The use of the term 'traditional architecture' escalated
as did the number of village reconstructions and
ethnographic museums. This 'identitarian episteme', as I
call it, was thus itself a global phenomenon with its own
disciplinary behaviors and agendas. My paper tries to
address this phenomenon and identify avenues by which it
can be studied and critiqued.
“Husserl and the Problem of
Worldliness,” Log 42, 2018,
pp. 67 - 79. In sentence two of Ideas:
General Introduction to Pure Phenomenology (1913),
Edmund Husserl introduces the word World
(Welt). What does Husserl mean with the word? I
could have taken a broad view of his writings, but
instead what I am doing here is reading Ideas sentence
by sentence from the beginning, interpreting as I go as
if Husserl were in a type of conversation with earlier
philosophers. The sub-text of my discussion is a larger
exploration of the status of that mysterious word -
World - in colonial-era thinking. Needless to say,
European 19th century philosophy never rose to the
occasion of critique, so one has to chase after the
repressed to make philosophy speak despite
itself. I argue that Husserl delaminates Welt from
Kant’s Weltbürger and Hegel’s Weltgeschichte to
create a stand alone imaginary that is, ironically and
tragically, opposed to the specter of worldliness.
Ultimately the question for me is to understand the
difference between World and Global.
"Borneo:
The River Effect and the Spirit World Millionaires" in
A History of Architecture and Trade, Edited by Patrick
Haughey (London: Routledge, 2018) 80 – 114. This article
looks at the upstream trade into Borneo, one of the main
wealth-producing areas of SE Asia.

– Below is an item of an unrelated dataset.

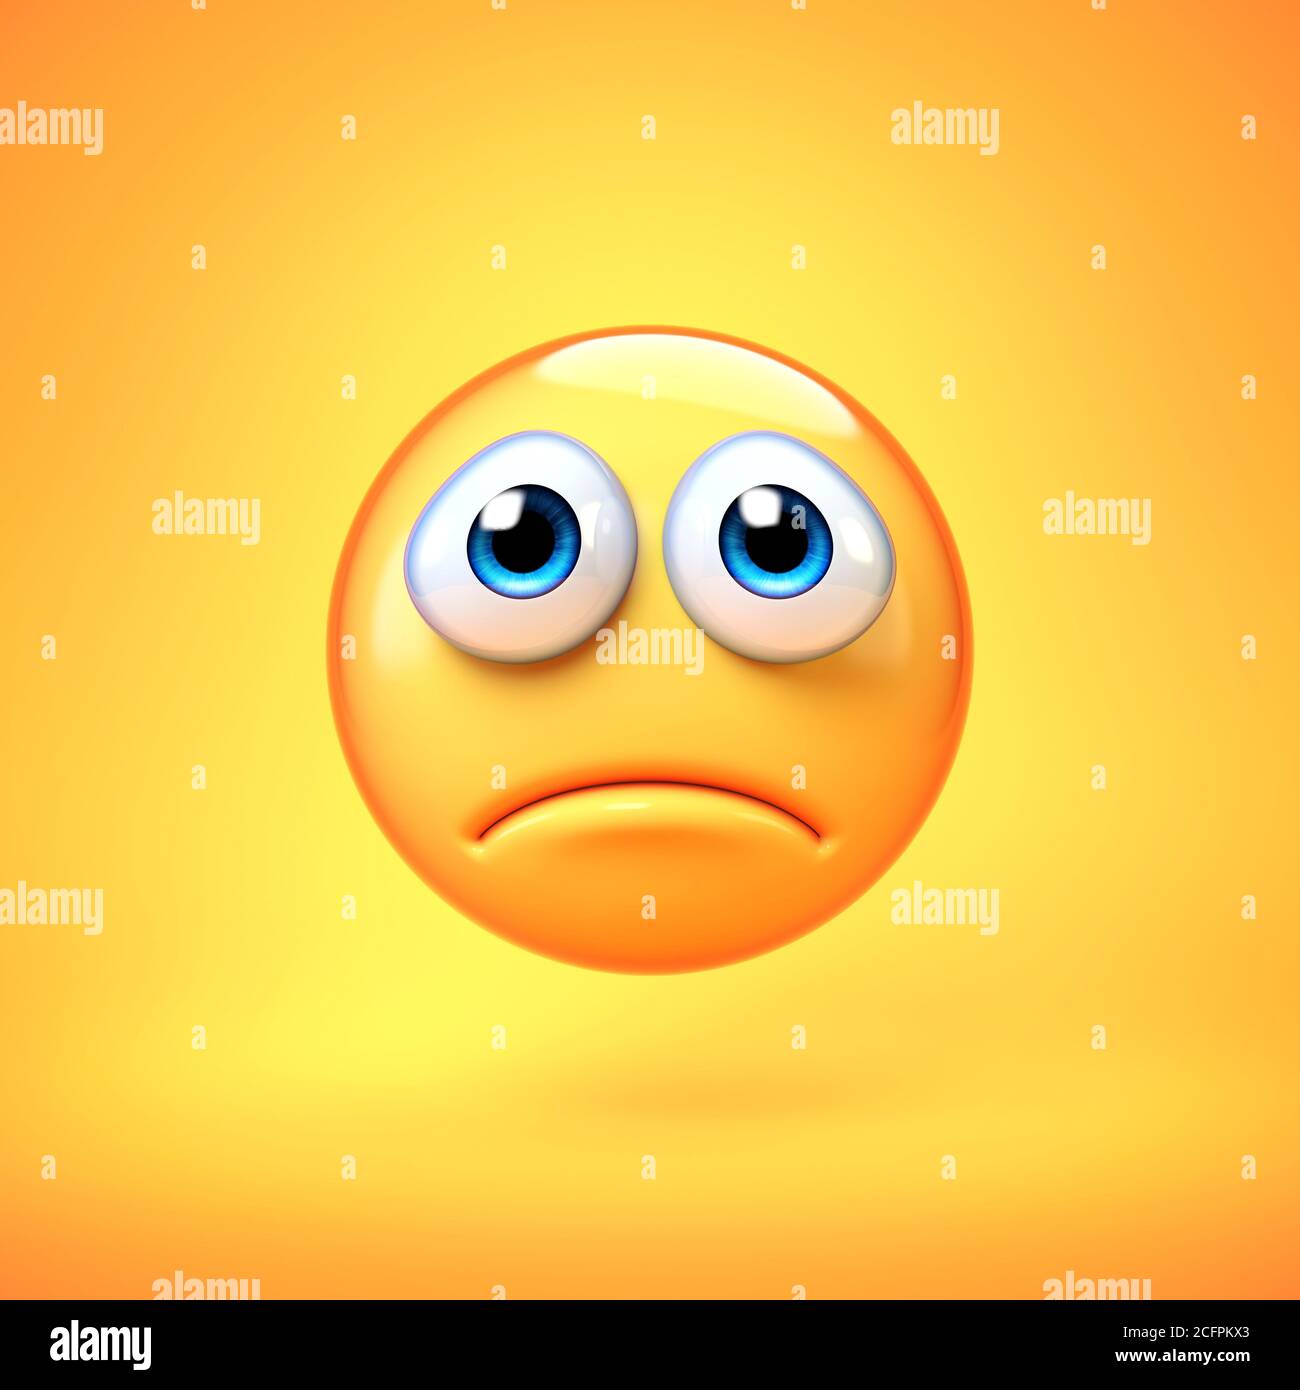 An Amazing Collection of Full 4K Sad Emoji Images, Featuring 999+ Emojis

My article challenges
the more conventional privileging of ‘downstream’ trade in
the narratives of SE Asian trade. The upstream trade was
wealth-producing in its own right, though not technically
‘trade’ since commodity exchanges were oriented around the
wealth of – and wealth-making capacity of – the long-house
ancestors. Based on this argument we can better understand
the processes by which the civilizations beginning in the
18th century slowly but inextricably altered and
eventually completely decommissioned the exchange capacity
of the local Borneo communities. My sources are the
numerous accounts of travelers, traders and explorers from
the 19th- and 20th- centuries.
“Positioning the Global
Imaginary: Arata Isozaki, 1970,” Critical
Inquiry 44 (Spring 2018), 498 – 527. This
article uses the early work of the Japanese architect
Arata Isozaki as well as first publications of the
Japanese journal Global Architecture as
lenses by which to discuss the history of the word
‘global.’ In these contexts, the word meant something
altogether different and more interesting than in the
context of the U.S. I also argue that much of the
theoretical flavor of that was implied by the term in the
1970s has long since been lost in the current trend of
global-washing.
Digital Stockholm Syndrome in the
Post-Ontological Age (University of Minnesota Press,
2016). Once, humans were what they believed. Now, the
modern person is determined by data exhaust—an invisible
anthropocentric ether of ones and zeros that is a product
of our digitally monitored age. I argue that the world has
become redesigned to fuse the algorithmic with the
ontological, and the discussion of ontology must be
updated to rethink the question of Being.